# Most Popular Works Between 1750-1769



## neoshredder (Nov 7, 2011)

I'm interested in this period because it is a transitional period between Late Baroque and Early Classical. Youtube videos preferred.


----------



## ComposerOfAvantGarde (Dec 2, 2011)




----------



## neoshredder (Nov 7, 2011)

How about Haydn "Le Matin, Le Midi, Le Soir"? Those are pretty big symphonies of Haydn's early period.


----------



## ComposerOfAvantGarde (Dec 2, 2011)

Here's some late Telemann. From a cantata he wrote in 1764:


----------



## clavichorder (May 2, 2011)

You will be interested in the Mannheim school of composers, most prominent members being Johann Stamitz, Carl Friedrich Abel, and Franz Xaver Richter.

I'm not sure of the precise dates of these compositions, but here


----------



## Sid James (Feb 7, 2009)

*C. Ph.
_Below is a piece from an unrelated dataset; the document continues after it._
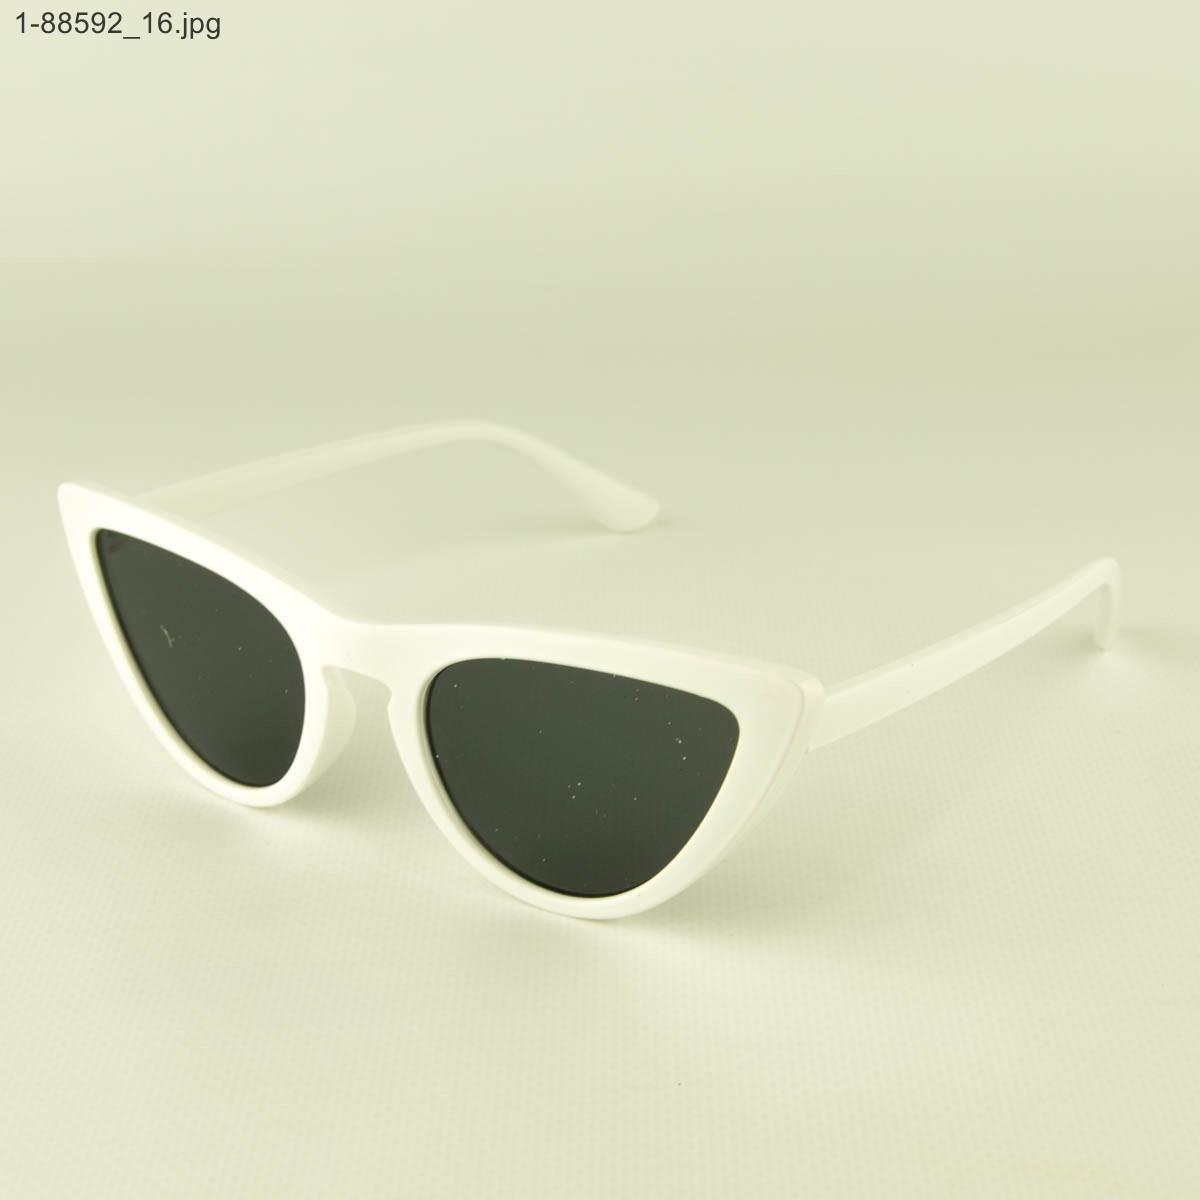 Женские очки кошачий глаз - Белые - 1-88592

E.Bach's Symphony in E Minor for Strings *(Wq.178.H.653), composed in the 1750's, is a staple of this Baroque to Classical Era transitional period. This is a work in the _sturm und drang _(storm and stress) kind of angsty style, mirroring developments in literature at the same time. It's meant to make the listener feel kind of shocked and feel those dark emotions. Below, a clip on youtube with Reinhard Goebel directing.






Similar_ sturm und drang _works are what you'd already know, neoshredder, Mozart's _Sym.#25 in G minor _and Haydn's _Sym.#49, 'La Passione.'_


----------